Task goal –
Begin with the line below holding "New EuroTrain/Idee &" and go on through the line holding "Marvel Mens Guardians", duplicating each line exactly and leaving out pictures.

Information supplied –
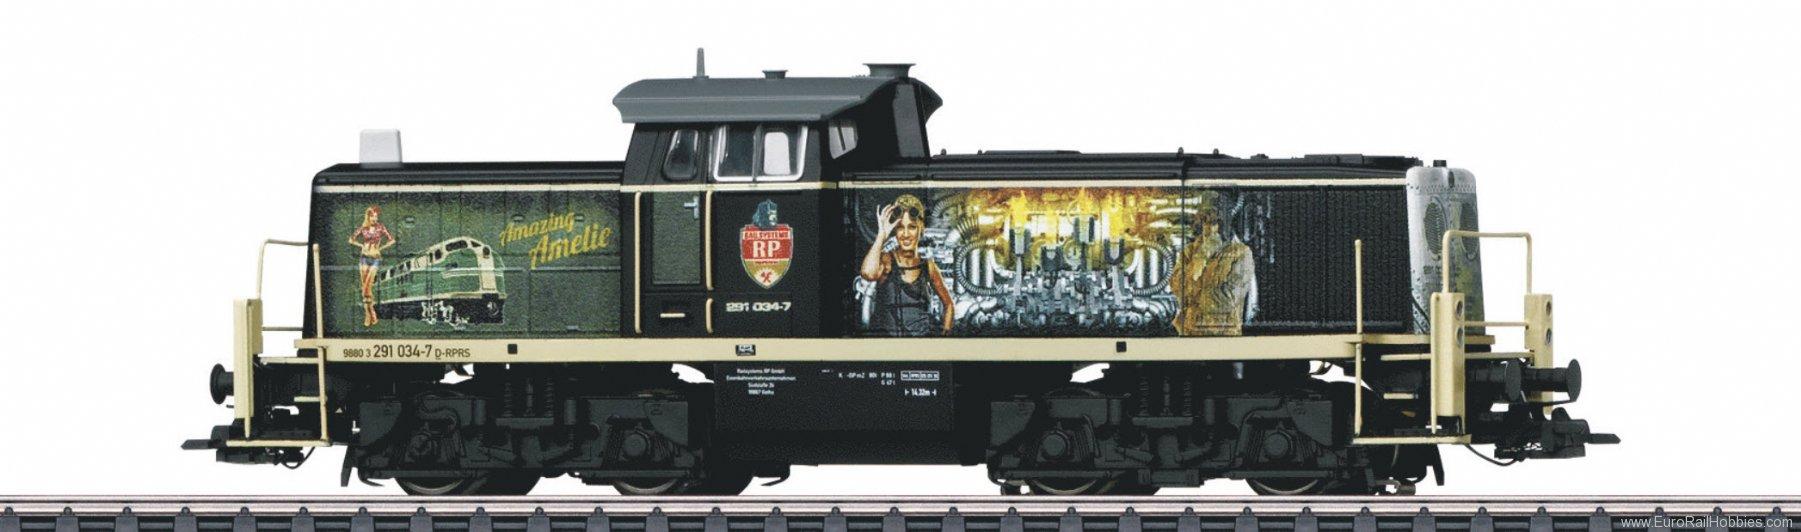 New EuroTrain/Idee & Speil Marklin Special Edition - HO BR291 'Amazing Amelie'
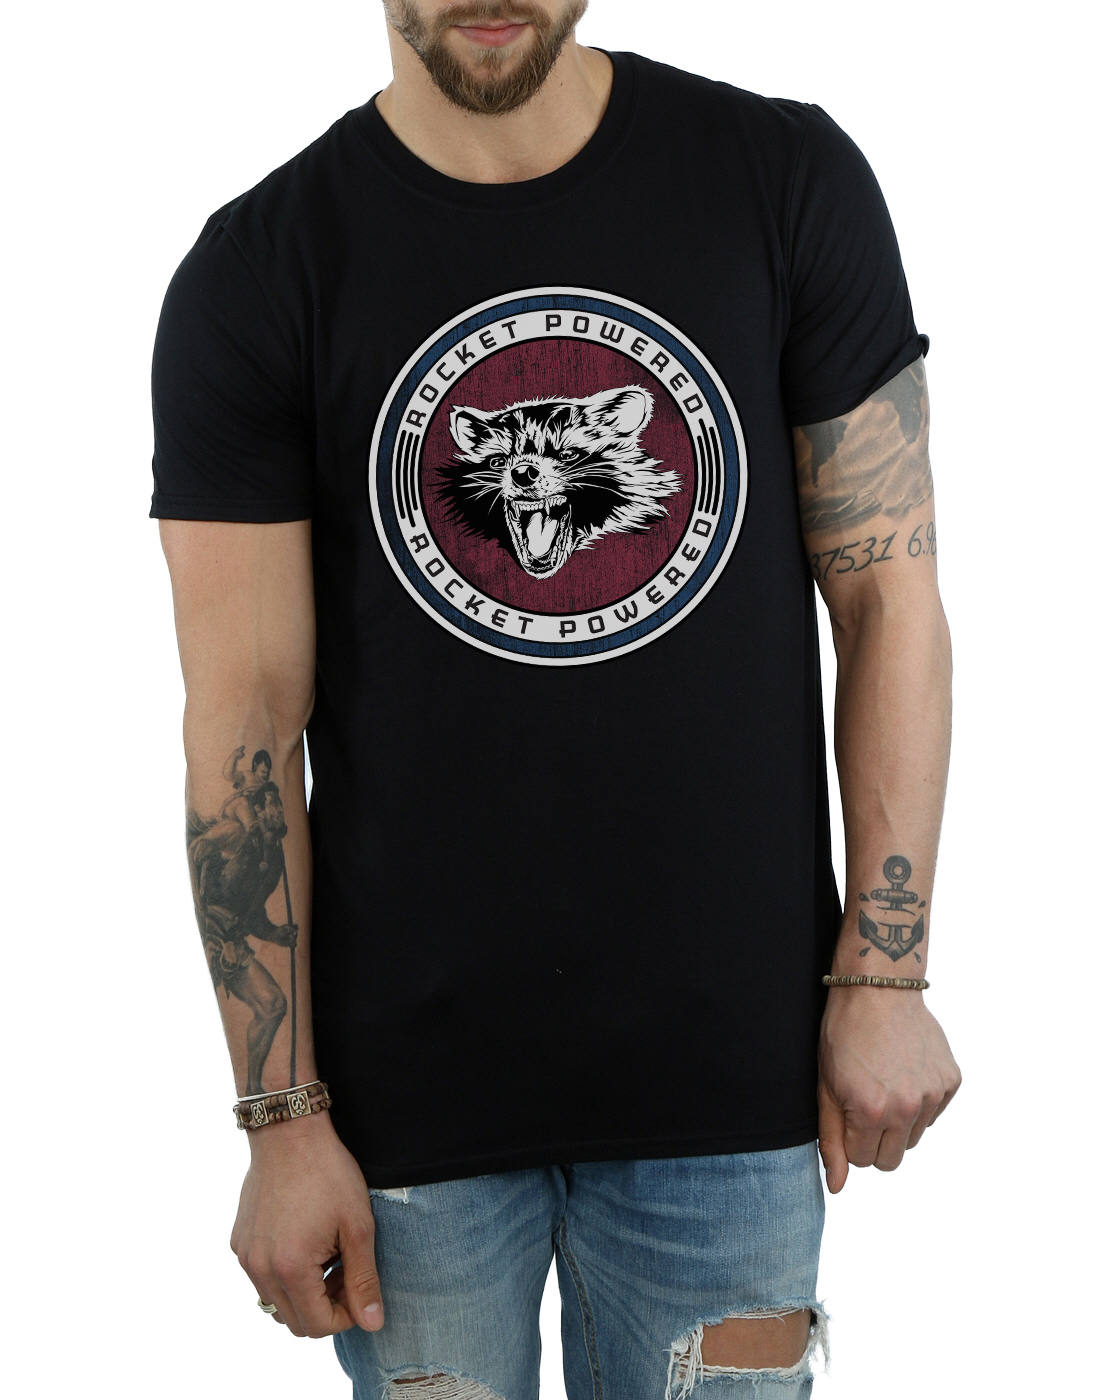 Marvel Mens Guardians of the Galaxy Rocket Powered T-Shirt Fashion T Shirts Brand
---
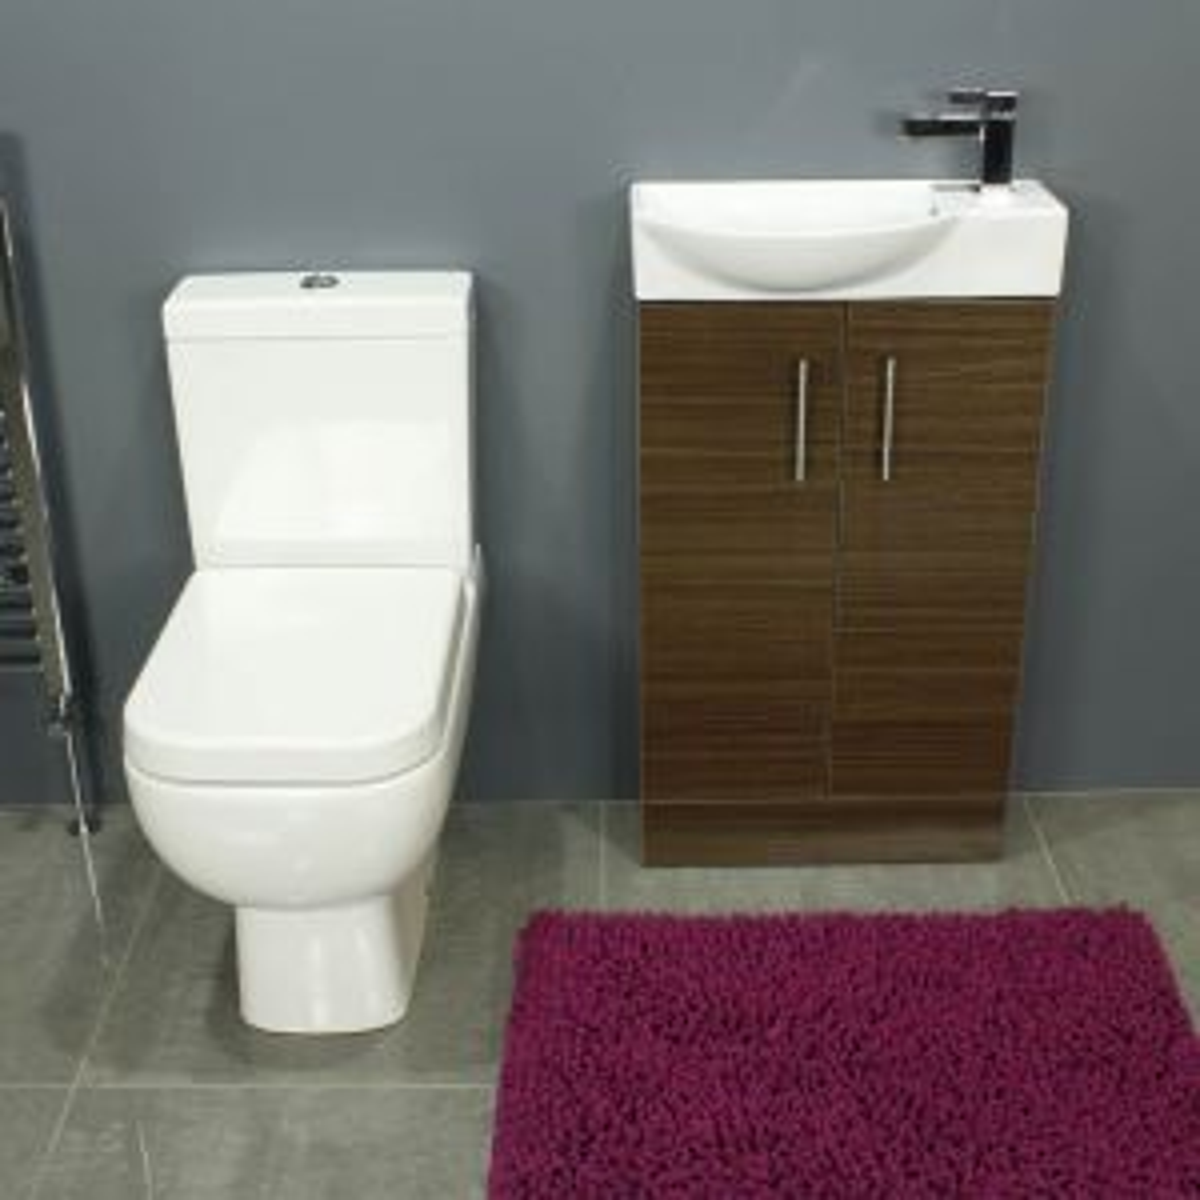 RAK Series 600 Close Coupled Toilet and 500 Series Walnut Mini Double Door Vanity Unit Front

Completed exercise –
 New EuroTrain/Idee & Speil Marklin Special Edition - HO BR291 'Amazing Amelie'
 Marvel Mens Guardians of the Galaxy Rocket Powered T-Shirt Fashion T Shirts Brand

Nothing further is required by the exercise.